Recuerda siempre de qué cabeza y de qué cuerpo eres miembro; y lo que eres de profesión, demuéstralo con tus obras más que con tu nombre, para que el nombre concuerde con las obras y el cuerpo con los hechos. De lo contrario, el nombre sería una palabra vacía y un gran crimen. No debes combinar una vida sensual con el honor que se te ha dado, y una vida criminal con una profesión divina. Sé irreprochable, busca y desea sólo lo que conduce al Cielo.

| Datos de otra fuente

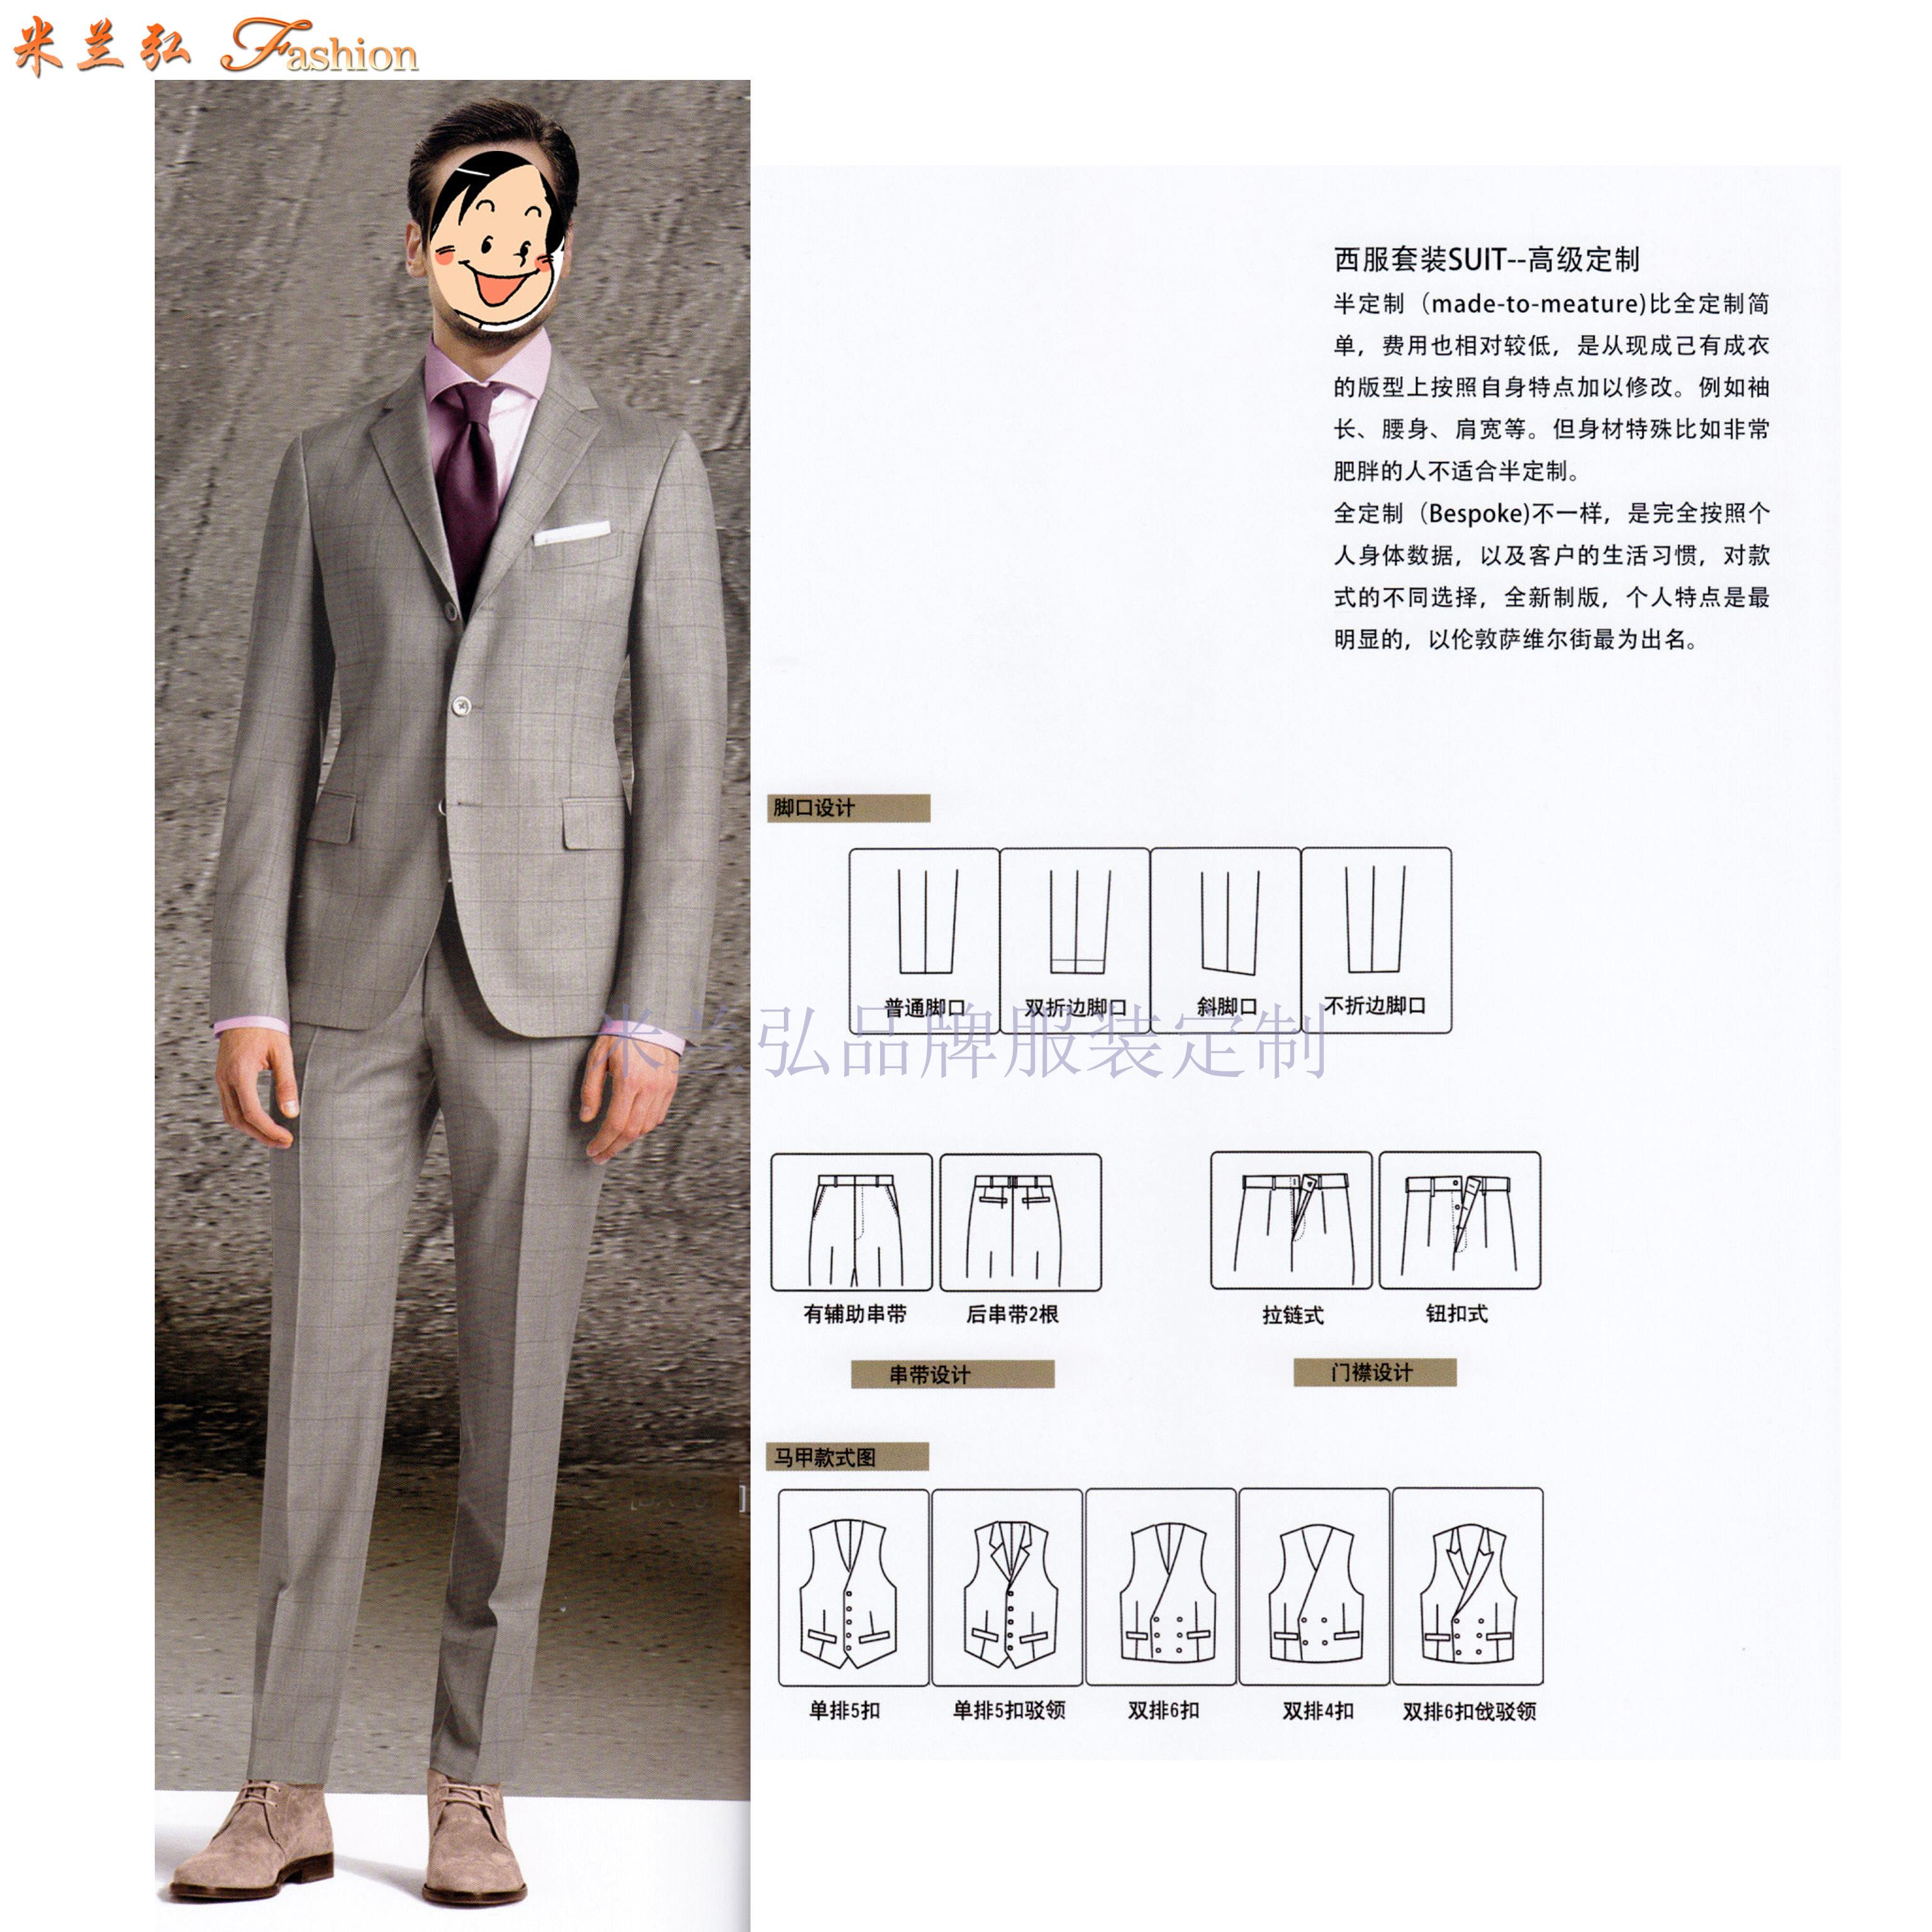 廣東西服定制-廣東量身訂制西服品牌-米蘭弘服裝-1
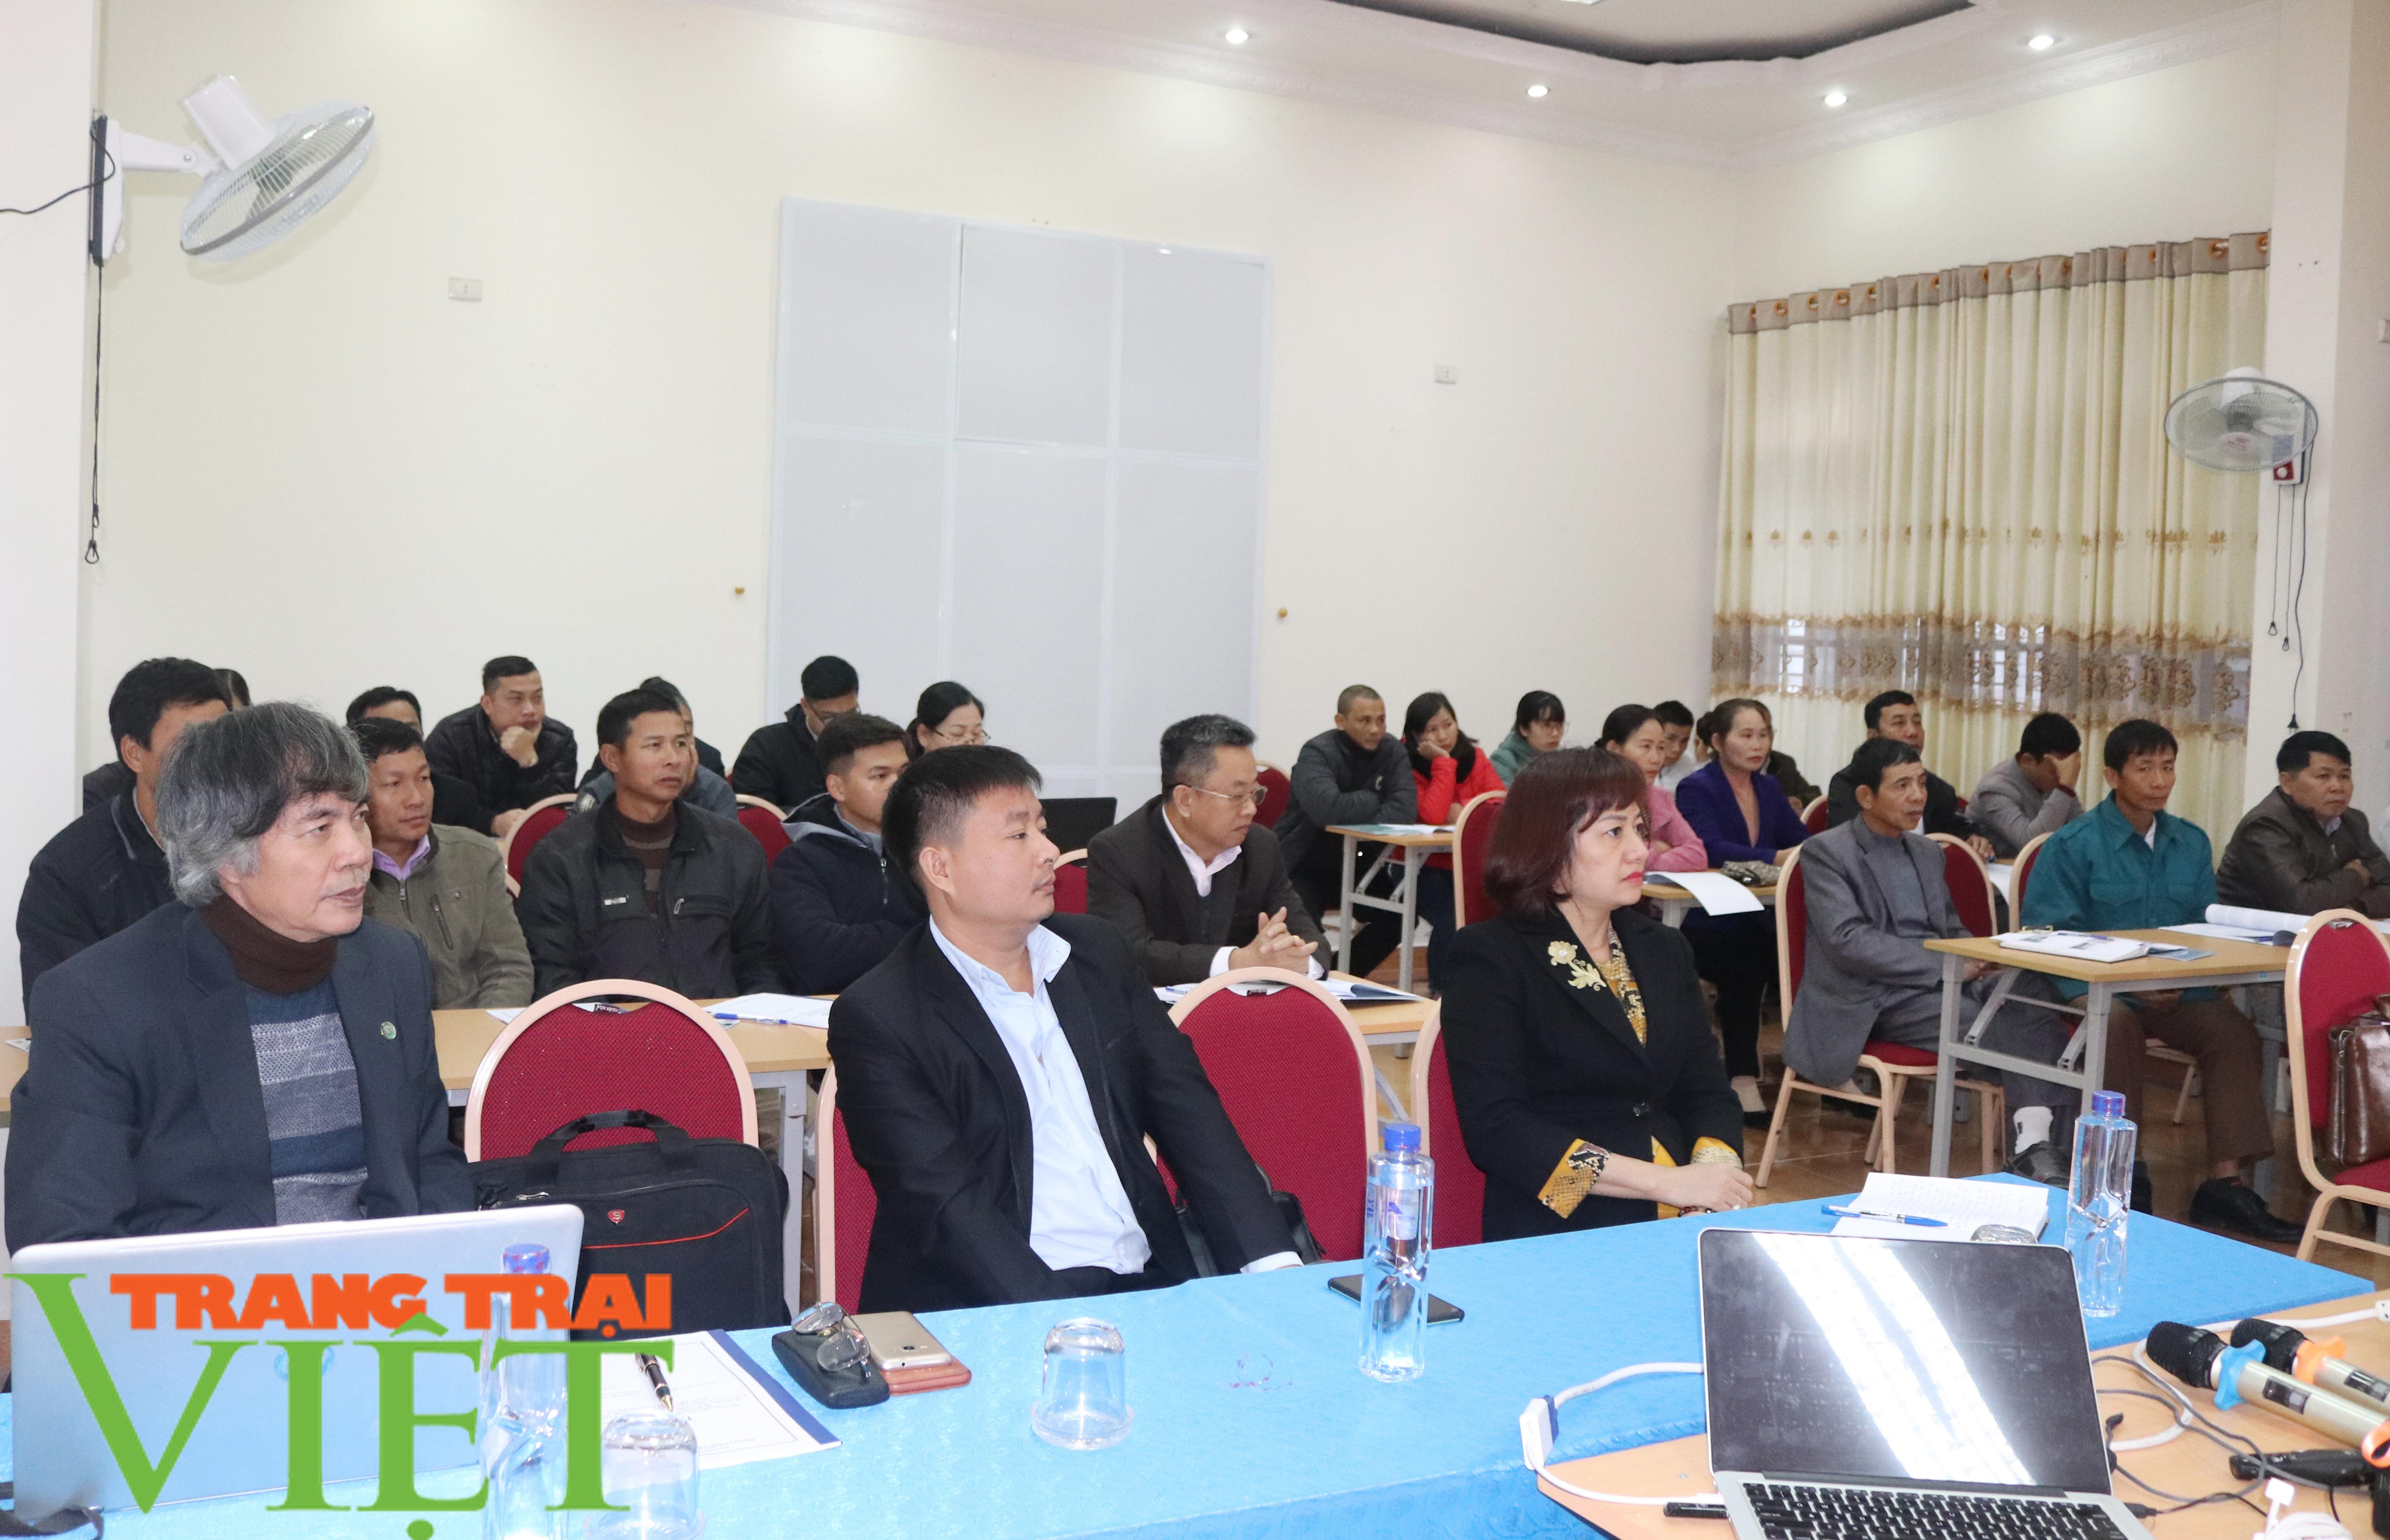 Sơn La: Tập huấn sản xuất rau an toàn và quy trình tưới nước tiết kiệm - Ảnh 1.

ORACIÓN- Oh Mensajero celestial, que viniste a ocupar nuestro lugar en aquel momento supremo en que Jesús agonizaba, y que con tanto cuidado recogiste su adorable sangre para presentarla a la divina Majestad, te saludamos con amor y gratitud; nuestra confianza en ti aumenta al considerar tu devoción por Jesucristo y tu compasión por nuestra pobre naturaleza. Ah, por la gloria de Dios, derrama sobre nosotros los tesoros de gracias que el Todopoderoso ha puesto a tu disposición, para que los sufrimientos de nuestro divino Salvador nos sean provechosos y nos abran las puertas de la Dicha Eterna. Amén.